Write out the data word for word and drop any picture you find.

→ Exercise data
++++++
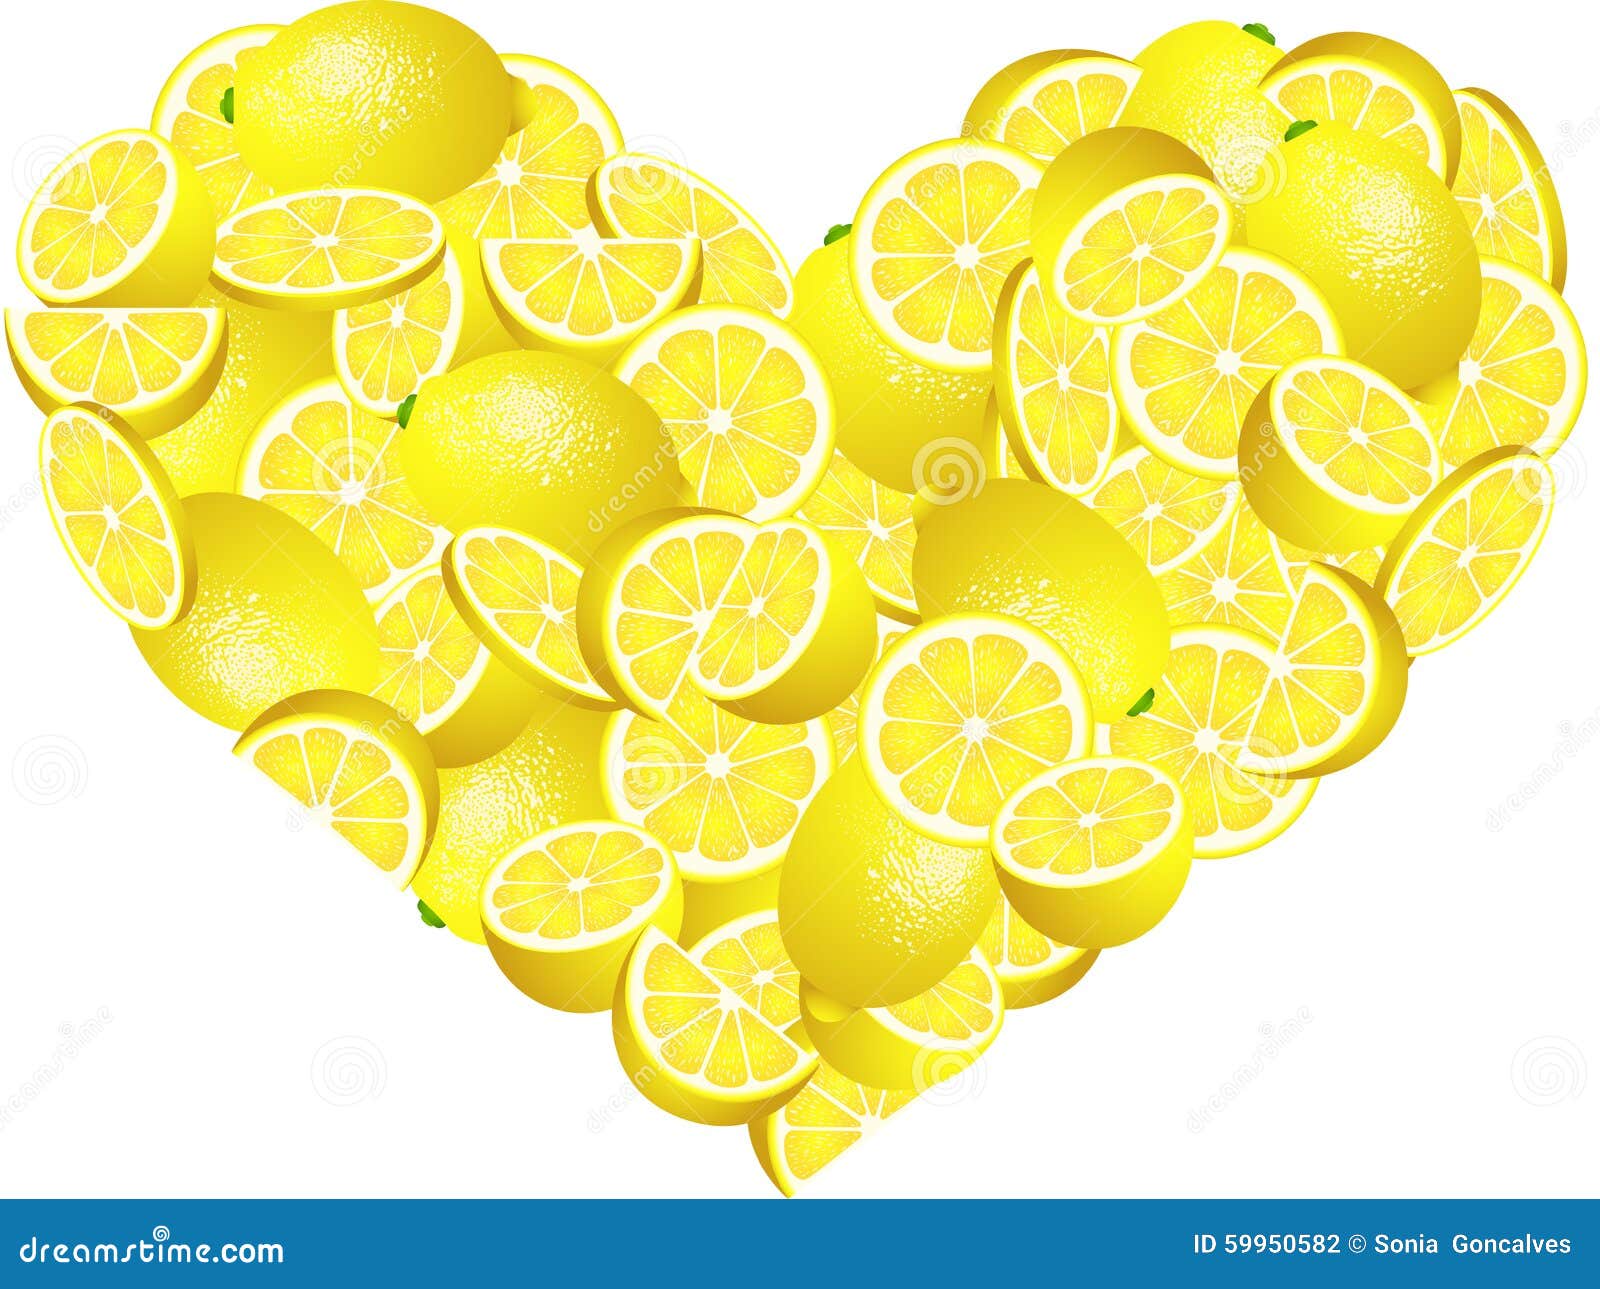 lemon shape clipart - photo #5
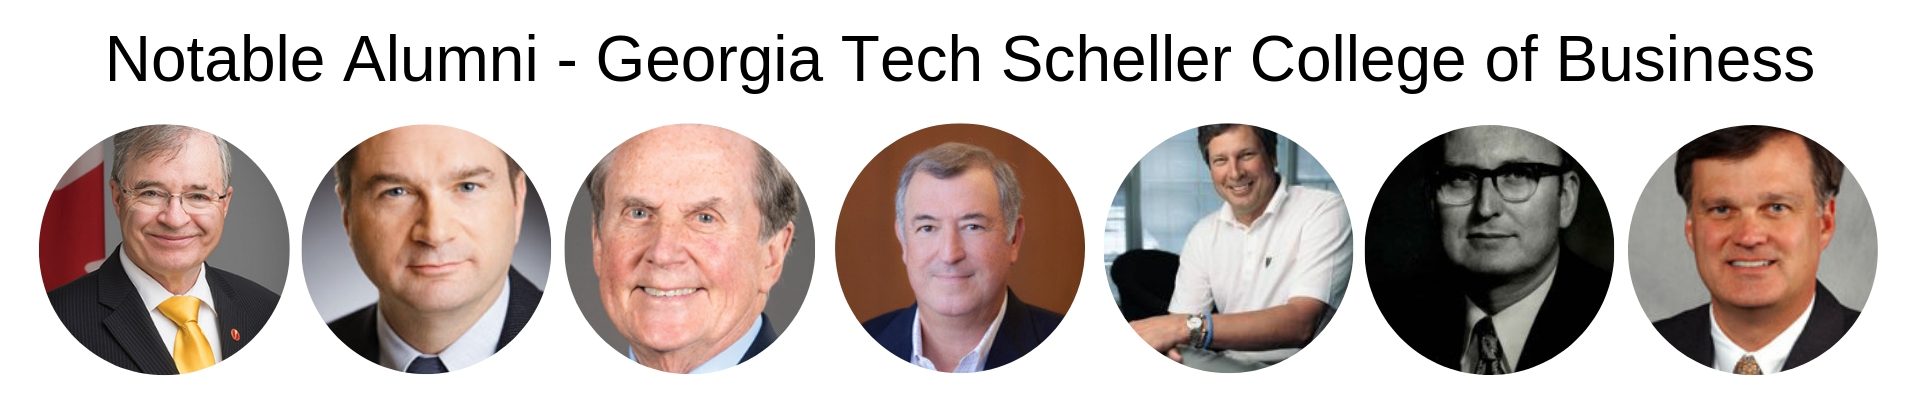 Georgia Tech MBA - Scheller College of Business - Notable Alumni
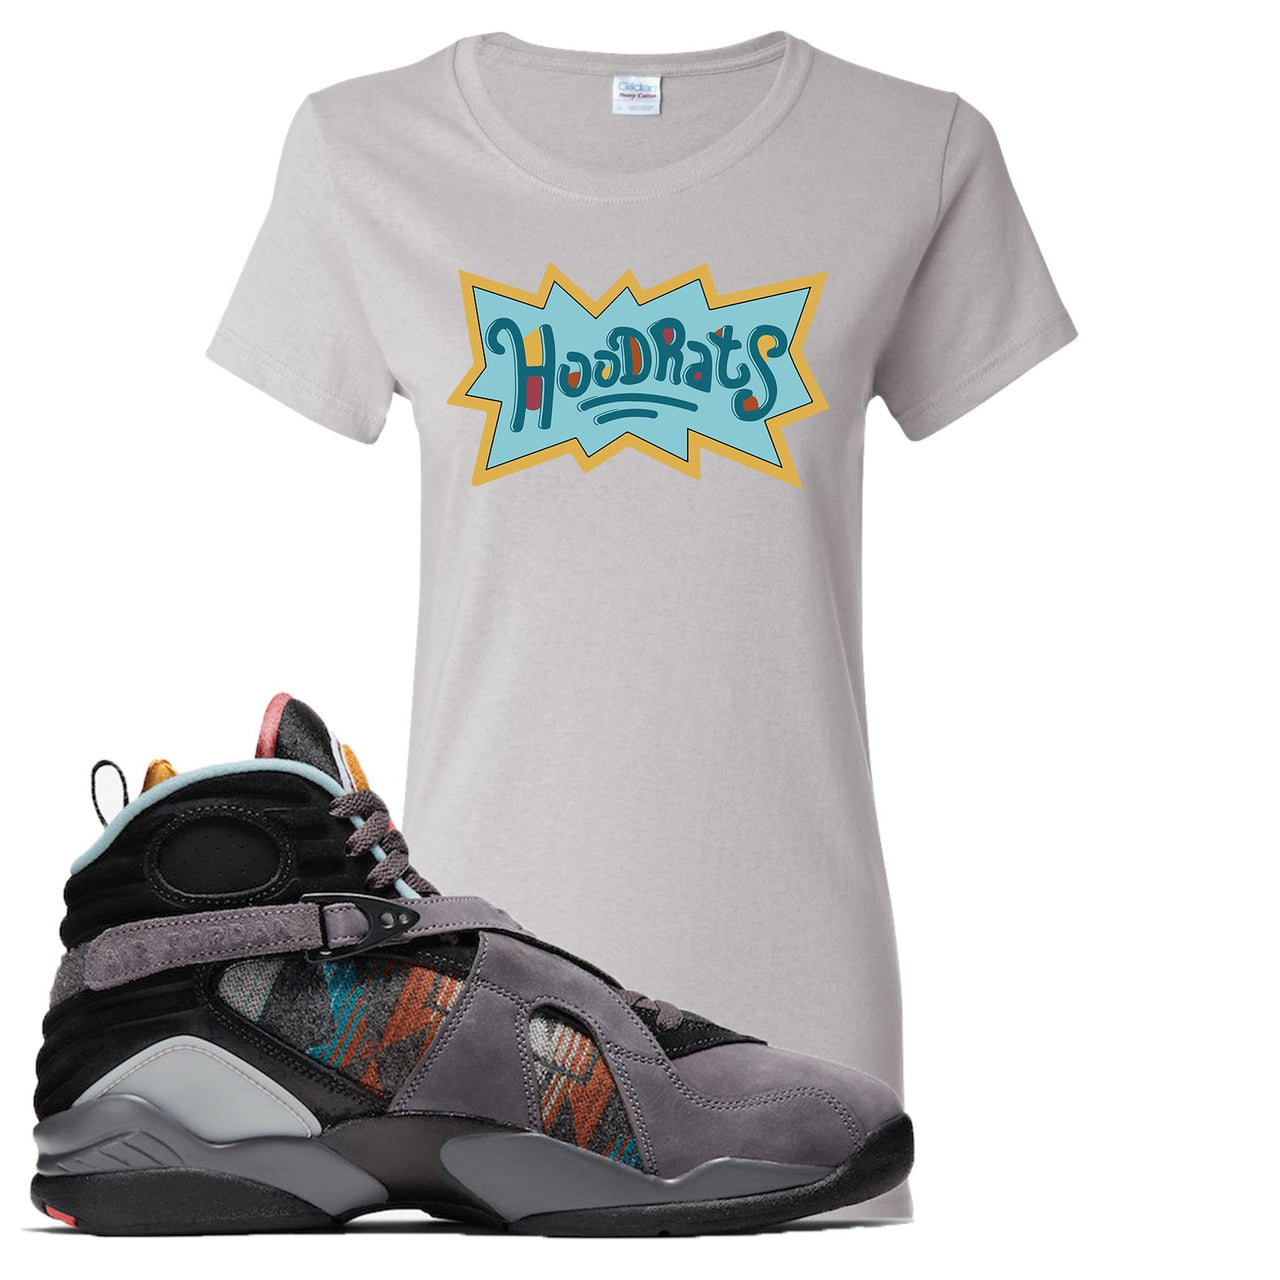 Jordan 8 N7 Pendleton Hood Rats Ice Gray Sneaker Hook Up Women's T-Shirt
++++++
→ Expected answer
 lemon shape clipart - photo #5
 Georgia Tech MBA - Scheller College of Business - Notable Alumni
 Jordan 8 N7 Pendleton Hood Rats Ice Gray Sneaker Hook Up Women's T-Shirt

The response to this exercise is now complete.